More about Michael Jackson (Fucked Up), Silicon

Contributor

The art world will never be the stuffy charade of sipping chardonnay and pretentious art speak when Paul McCarthy is in the building.

Nope, when McCarthy is around, there is bound be at least one of these things running through your mind:

  1. That’s a giant shit!
  2. Maybe I need a new sex toy 
  3. RUN!

In sculptures like this one though, we can see McCarthy has more to offer the world than an odd obsession with things that go both in and out of ones butt. In the early 90s, McCarthy started focusing on the peculiar idea of the merging of childhood innocence with adult perversion. And thus the world was given gems such as a rabbit action figure with a such a long penis that it coiled around its feet on the floor. While this sculpture is unmistakably less vulgar, it explores the exact same ideas.

This piece is a spin-off of Koons’s Michael Jackson and Bubbles sculpture. Koon’s version, while freaky in its own right, is an ode to MJ’s somewhat endearing peculiarities and his steadfast love for his sidekick Bubbles, a chimpanzee he saved from a research laboratory in Texas. Koons’s pristine and romanticized sculpture is a celebration of the pop star's fame and life. McCarthy on the other hand, took the piece in a slightly different direction. He has recreated MJ and Bubbles in a very crude and dark manner, thus suggesting the more contested side of Jackson’s reputation, notably, his rumored obsession with little boys. And there you have it, youthful innocence colliding with mature sexual debauchery. Now that's a recipe for a lawsuit.

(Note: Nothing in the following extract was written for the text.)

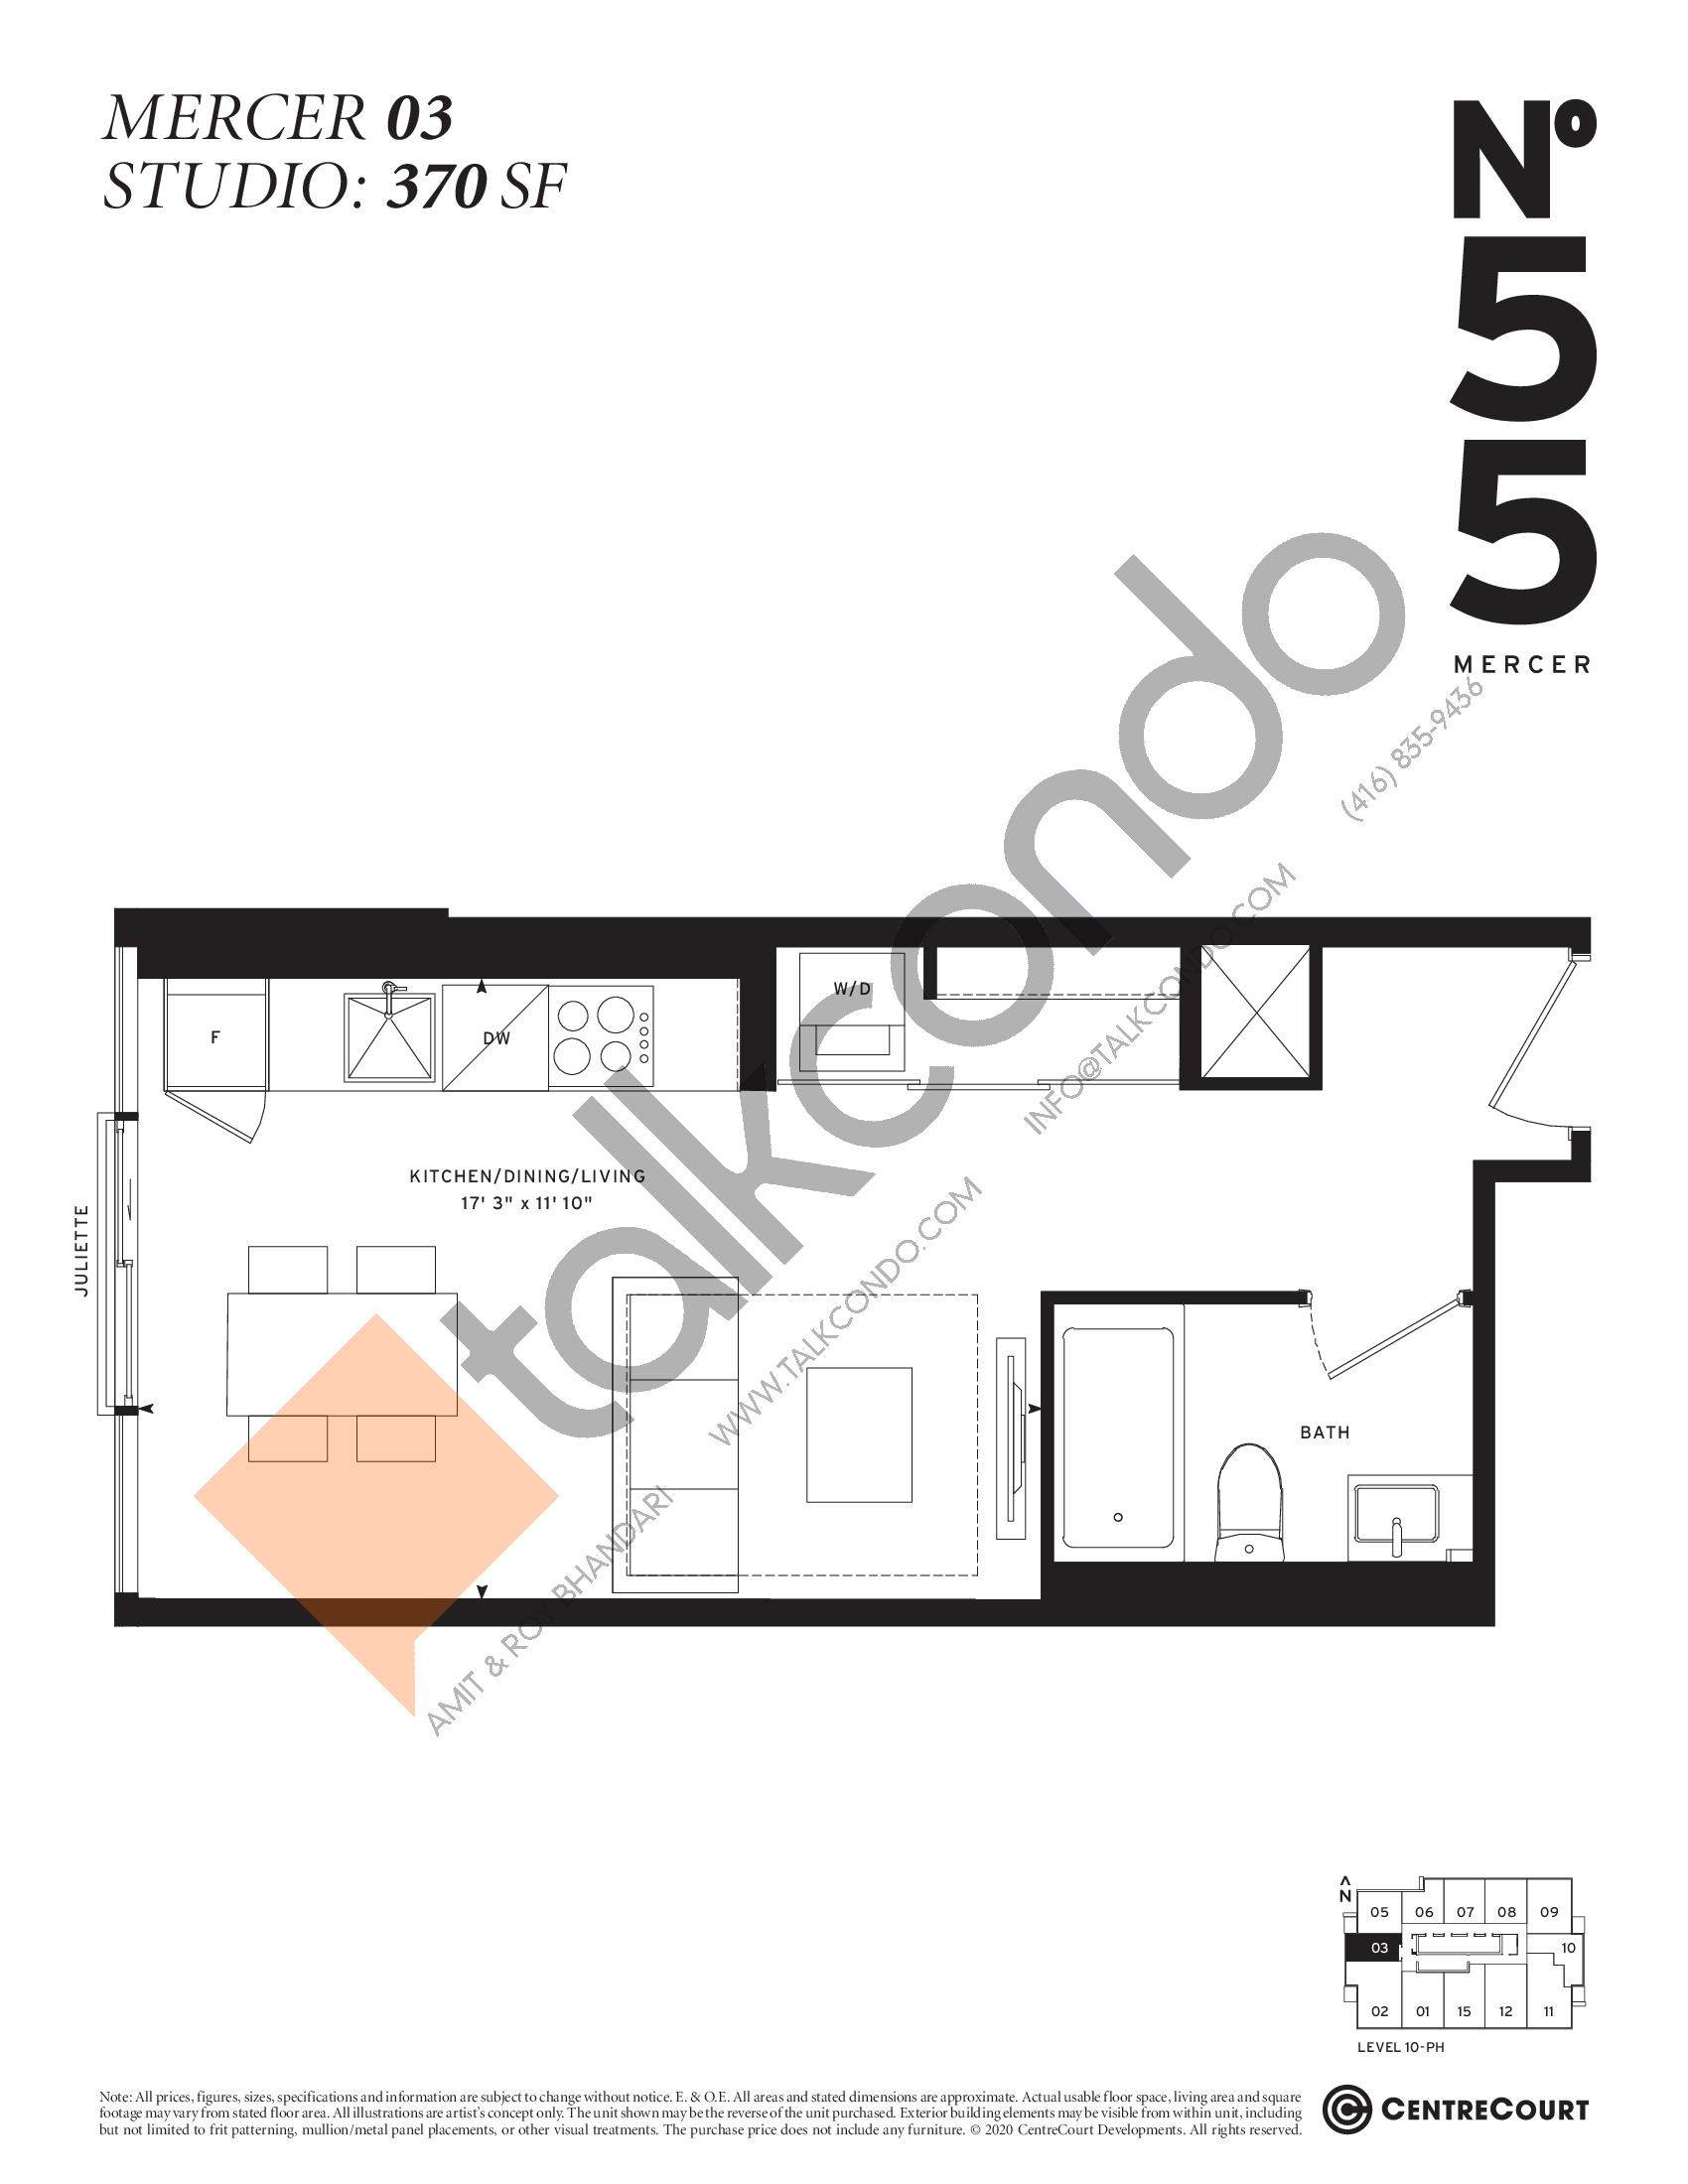 Mercer 03 Floor Plan at No. 55 Mercer Condos - 370 sq.ft

One would think that when pedophilia meets a knock off in the arts, as this sculpture undeniably does, people wouldn't care much for it. Wrong. There are four versions of this sculpture, and when one of them came up for auction recently, it sold for over $2 million! Between McCarthy’s unrefined sensibilities and the glorification of Jackson’s darker side, it makes you wonder about the type of person who would gladly drop two mil on this work. Ah, if only Freud were around to see this, he would have such a heyday.